Pictured: Anthony Grainger's Audi with bullet holes

Mr Grainger's Audi with gunshot in windscreen Credit: MEN Syndication

A public inquiry into why police shot dead an unarmed robbery suspect has released a picture of the stolen car in which he was killed - showing a single bullet hole in the windscreen.

Anthony Grainger, 36, from Salford, was blasted in the chest as he sat in the driver’s seat of a red Audi on false plates during an armed swoop by Greater Manchester Police on a village in Cheshire in March 2012.

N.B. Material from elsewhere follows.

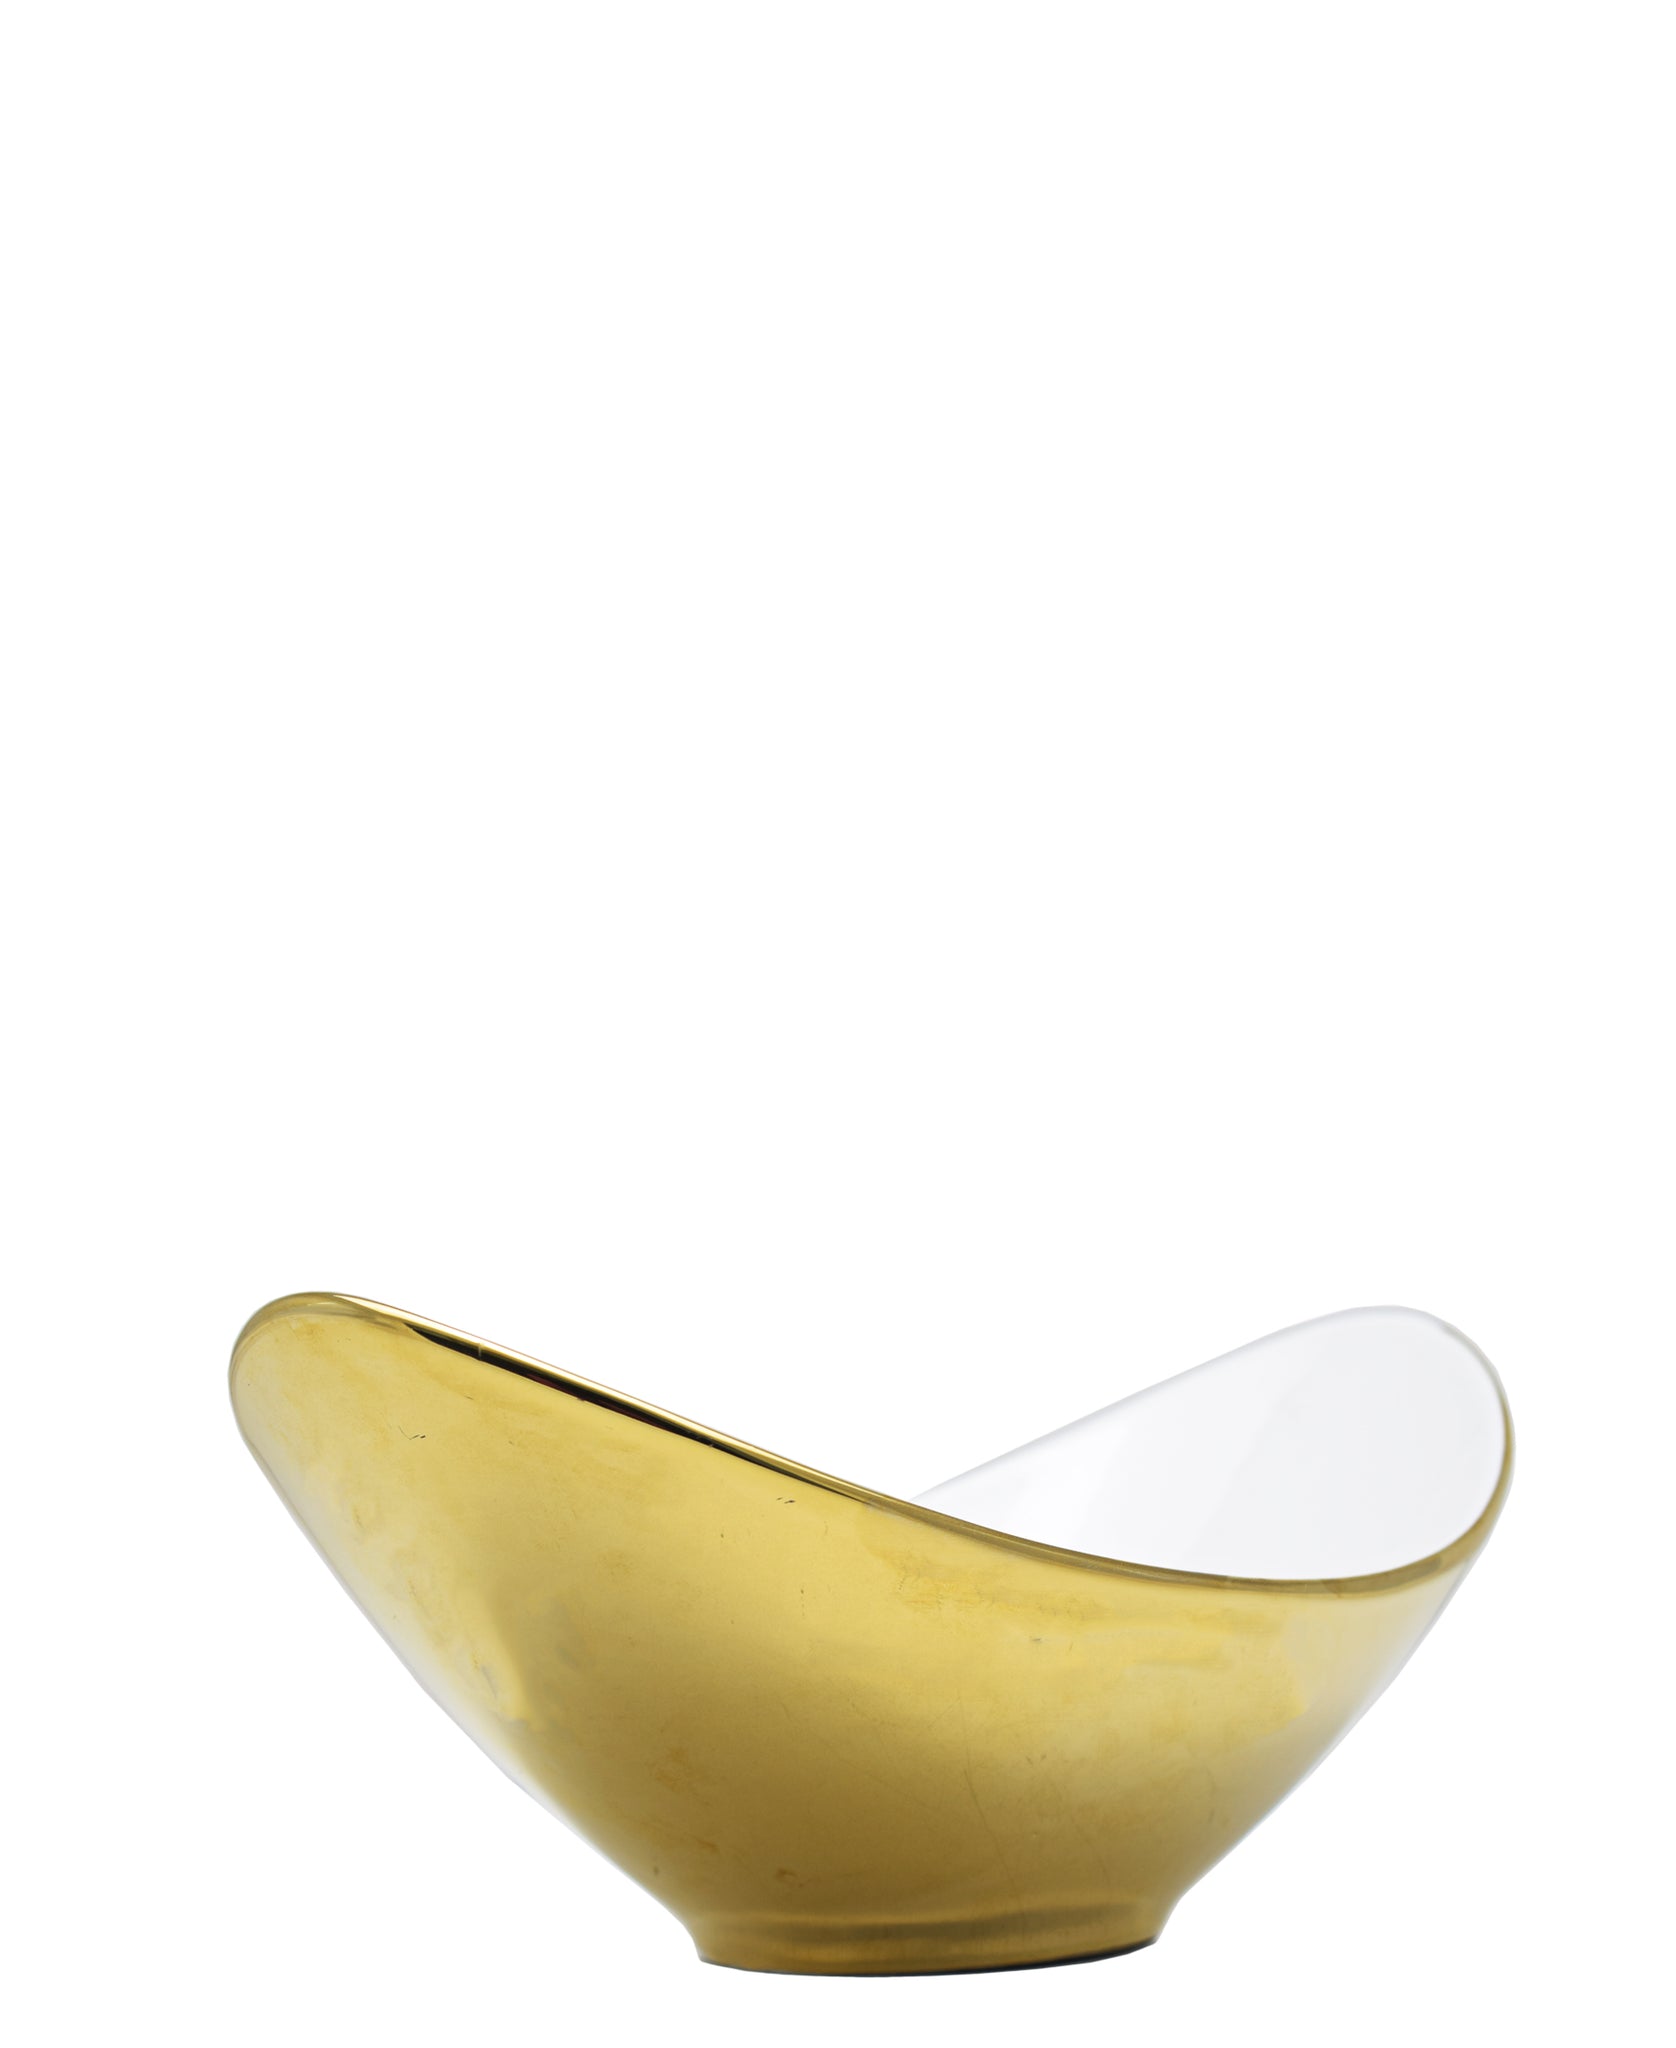 Symphony Adorn Serving Bowl 30cm - White & Gold

As a public inquiry into the death comes at an end, the police pictures of a car park in Culcheth taken after the fatal shooting were released.

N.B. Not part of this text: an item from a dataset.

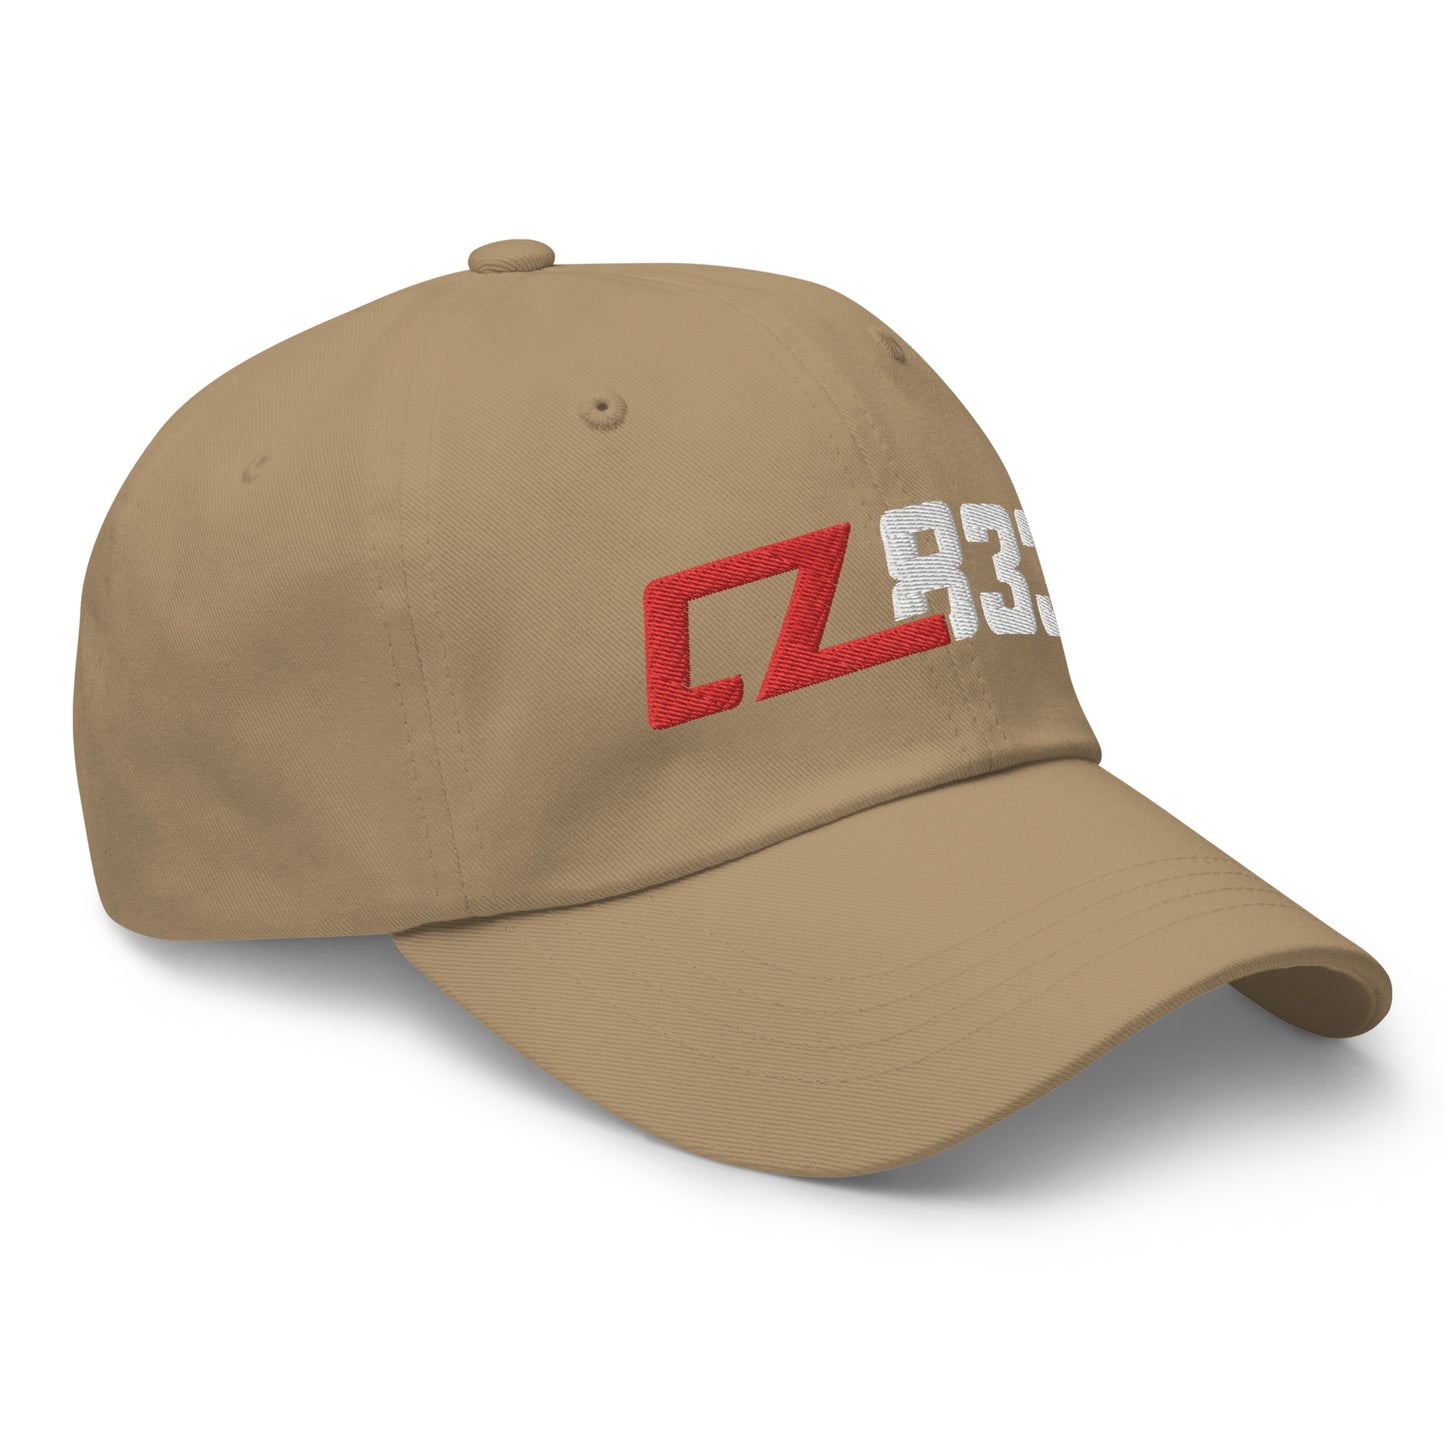 CZ833 Adjustable Cap

One focuses on the single bullet hole in the windscreen of Mr Grainger’s Audi.

Another shows how an unmarked police car, also an Audi, parked across the nose of the stolen car.

A police marksman, known only as Q9, fired the fatal shot with a Heckler and Koch MP5 sub-machine gun from the rear off-side passenger window of the silver police Audi.

Other aerial shots show how the two cars were positioned in a corner of the car par park off Jackson Avenue.

The inquiry has heard how ‘wildly inaccurate’ police intelligence had suggested Mr Grainger and others on board the car would be armed.Police suspected they were about to commit a robbery, possibly at a Sainsbury’s nearby.

The pictures were released before barristers representing GMP, Q9 and the Grainger family made closing remarks at the inquiry.

Leslie Thomas QC, representing the Grainger family, issued a scathing attack on the ‘botched’ police operation.

He said:

Intelligence on suspects had not been properly tested and the police marksman had been given a ‘grossly exaggerated assessment of Anthony’s threat’, he said.

He said firearms commanders had been ‘slapdash’ while consideration of which tactics to use that day were ‘fundamentally flawed’.

Mr Thomas continued that no police strike should have taken place that night as it was ‘likely there would be no robbery’.

The police marksmen failed to identify themselves as firearms officers while two tyres on the stolen Audi were blown out and a CS grenade was thrown into the car without good reason, he suggested.

The closing submissions will come an end on Thursday when the inquiry chairman, Judge Teague QC, will adjourn to start writing his report and findings, which are expected to be published later in the year.